[Start of Attachment]
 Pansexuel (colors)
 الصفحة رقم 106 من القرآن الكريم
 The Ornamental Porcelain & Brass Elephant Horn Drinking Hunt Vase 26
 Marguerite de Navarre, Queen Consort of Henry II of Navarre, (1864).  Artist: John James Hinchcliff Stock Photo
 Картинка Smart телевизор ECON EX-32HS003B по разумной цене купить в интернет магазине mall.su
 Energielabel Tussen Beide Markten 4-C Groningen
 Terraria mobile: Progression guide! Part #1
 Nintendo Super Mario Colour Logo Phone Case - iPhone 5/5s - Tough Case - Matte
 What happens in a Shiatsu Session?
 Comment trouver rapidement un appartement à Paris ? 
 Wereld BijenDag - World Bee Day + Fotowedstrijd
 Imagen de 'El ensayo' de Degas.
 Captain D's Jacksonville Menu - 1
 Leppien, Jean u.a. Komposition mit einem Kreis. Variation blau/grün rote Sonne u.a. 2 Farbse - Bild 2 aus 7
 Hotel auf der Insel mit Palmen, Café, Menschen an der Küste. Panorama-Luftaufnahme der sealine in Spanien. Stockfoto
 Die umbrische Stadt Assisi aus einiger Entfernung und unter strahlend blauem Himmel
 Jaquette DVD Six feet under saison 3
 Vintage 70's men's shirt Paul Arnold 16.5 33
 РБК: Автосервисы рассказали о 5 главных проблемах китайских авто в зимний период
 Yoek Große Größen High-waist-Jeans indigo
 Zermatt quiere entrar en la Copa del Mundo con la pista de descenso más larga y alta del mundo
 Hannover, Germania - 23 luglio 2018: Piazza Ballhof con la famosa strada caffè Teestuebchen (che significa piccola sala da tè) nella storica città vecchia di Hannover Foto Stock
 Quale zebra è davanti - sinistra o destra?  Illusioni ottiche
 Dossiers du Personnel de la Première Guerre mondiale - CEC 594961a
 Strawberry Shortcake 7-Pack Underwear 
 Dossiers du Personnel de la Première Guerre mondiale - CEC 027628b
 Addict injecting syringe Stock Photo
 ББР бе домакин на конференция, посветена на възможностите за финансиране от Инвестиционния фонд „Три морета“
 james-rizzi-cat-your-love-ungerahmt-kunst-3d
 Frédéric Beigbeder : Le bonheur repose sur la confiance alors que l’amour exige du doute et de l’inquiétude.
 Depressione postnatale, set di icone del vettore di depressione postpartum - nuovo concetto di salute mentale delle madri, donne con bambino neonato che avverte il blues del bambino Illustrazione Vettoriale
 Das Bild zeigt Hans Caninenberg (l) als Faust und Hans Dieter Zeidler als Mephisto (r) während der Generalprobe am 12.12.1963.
[End of Attachment]
◆ Exercise goal ◆
Return every line of the entries above that the string "Bild" appears in.

◆ Exercise output ◆
 Leppien, Jean u.a. Komposition mit einem Kreis. Variation blau/grün rote Sonne u.a. 2 Farbse - Bild 2 aus 7
 Das Bild zeigt Hans Caninenberg (l) als Faust und Hans Dieter Zeidler als Mephisto (r) während der Generalprobe am 12.12.1963.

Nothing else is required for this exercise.